Its length will not vary by observer, no. What is the formula for length in 4D space time?

 

[Chris Miller]

Its endpoint coordinates will vary by observer, yes.
Its length will not vary by observer, no. What is the formula for length in 4D space time?

Interesting (though guessing rhetorical) question. Would have to incorporate both distance and duration. How "long" is the line from x_b,y_b,z_b,t_b to x_e,y_e,z_e,t_e? Hmm... I'll commence to cipher on it.

EDIT:
But I'm sure it won't be the same as for x'_b,y'_b,z'_b,t'_b to x'_e,y'_e,z'_e,t'_e

 

[Dragon27]

Right, thanks. But its end point coordinates (and so length, etc.) will vary by observer, won't it?

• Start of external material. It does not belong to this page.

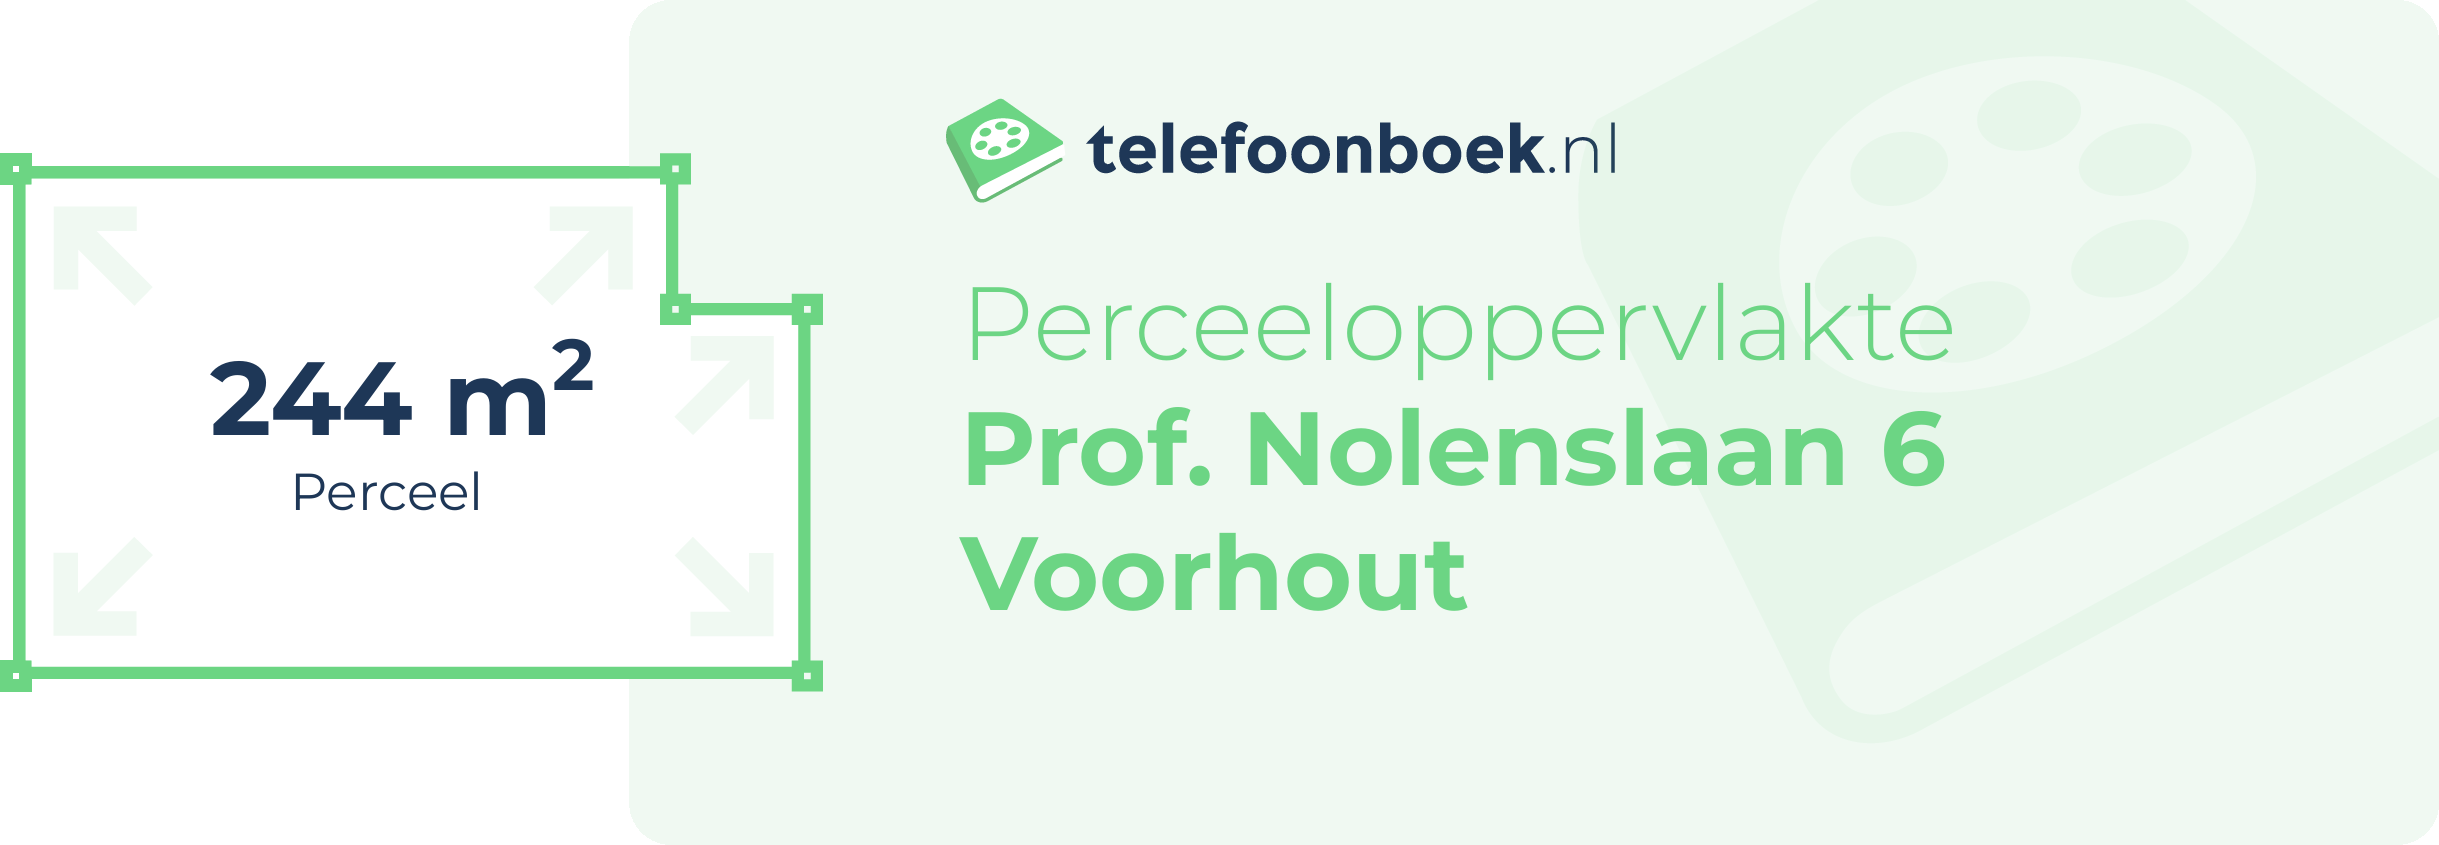 Perceeloppervlakte Prof. Nolenslaan 6 Voorhout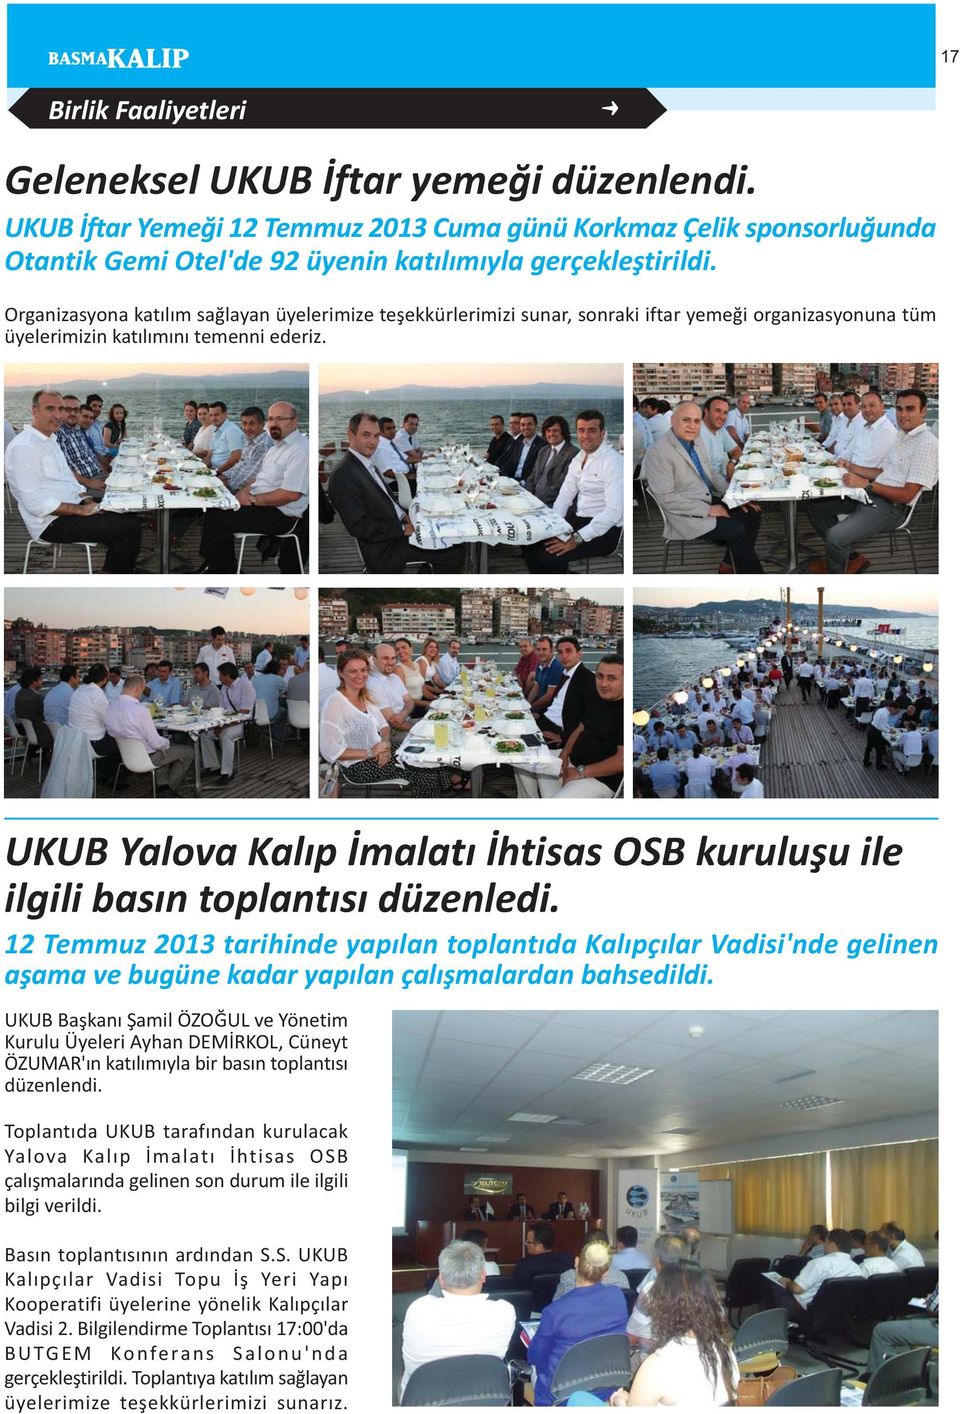 UKUB Yalova Kalýp Ýmalatý Ýhtisas OSB kuruluþu ile ilgili basýn toplantýsý düzenledi.

The coordinates of the event vary by observer. And they did so in classical, non-relativistic mechanics too. The formulas for the coordinates transformation were different, of course. Galilean.

But I'm sure it won't be the same as for x'_b,y'_b,z'_b,t'_b to x'_e,y'_e,z'_e,t'_e

Will it be, or will it not? But more importantly - how would you know the answer to this question? Do you hope to just intuitively guess the answer, or would it be better to read up on it in a textbook? Because that could happen to be one of the most basic pieces of knowledge about Special Relativity, essential to understanding of anything about 4 dimensional Minkowski space.

 

[Nugatory]

Right, thanks. But its end point coordinates (and so length, etc.) will vary by observer, won't it?

The coordinates of the end points will be different with different frames - not surprising when you consider that a "frame" is just a convention used to assign these coordinates. However, all the geometric facts about the line, anything that you can say about it without reference to coordinates (it does or does not pass through a given event, it does or does not intersect another line or a surface, ...) will of course hold in all frames. Less obviously, but at least as important, the length (properly termed a "spacetime interval") of the line will be the same in all frames, even though the coordinates of the endpoints are different.

The spacetime interval $\Delta{s}$ between two events $(t_1,x_1,y_1,z_1)$ and $(t_2,x_2,y_2,z_2)$ is given by $\Delta{s}^2={-c^2\Delta{t}^2+\Delta{x}^2+\Delta{y}^2+\Delta{z}^2}$ where $\Delta{x}$ is defined as $x_2-x_1$ and likewise for the other three coordinates, and it comes out the same in all frames even though the individual coordinate values are different.

 

[Herman Trivilino]

But its end point coordinates (and so length, etc.) will vary by observer, won't it?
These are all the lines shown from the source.